Information given>
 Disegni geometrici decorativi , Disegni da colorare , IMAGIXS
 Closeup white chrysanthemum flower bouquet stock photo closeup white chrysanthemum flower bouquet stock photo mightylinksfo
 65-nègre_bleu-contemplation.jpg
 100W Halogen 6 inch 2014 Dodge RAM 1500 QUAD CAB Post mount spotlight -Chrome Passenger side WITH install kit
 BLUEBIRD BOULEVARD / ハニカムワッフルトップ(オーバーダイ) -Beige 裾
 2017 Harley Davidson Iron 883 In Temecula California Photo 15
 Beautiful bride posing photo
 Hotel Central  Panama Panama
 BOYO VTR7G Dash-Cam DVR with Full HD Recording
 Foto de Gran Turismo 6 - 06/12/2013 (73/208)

Required work> Quote the line that contains "Beautiful bride posing photo" and each line after it through the end of the data, exactly, leaving out everything else.

Result of this task>
 Beautiful bride posing photo
 Hotel Central  Panama Panama
 BOYO VTR7G Dash-Cam DVR with Full HD Recording
 Foto de Gran Turismo 6 - 06/12/2013 (73/208)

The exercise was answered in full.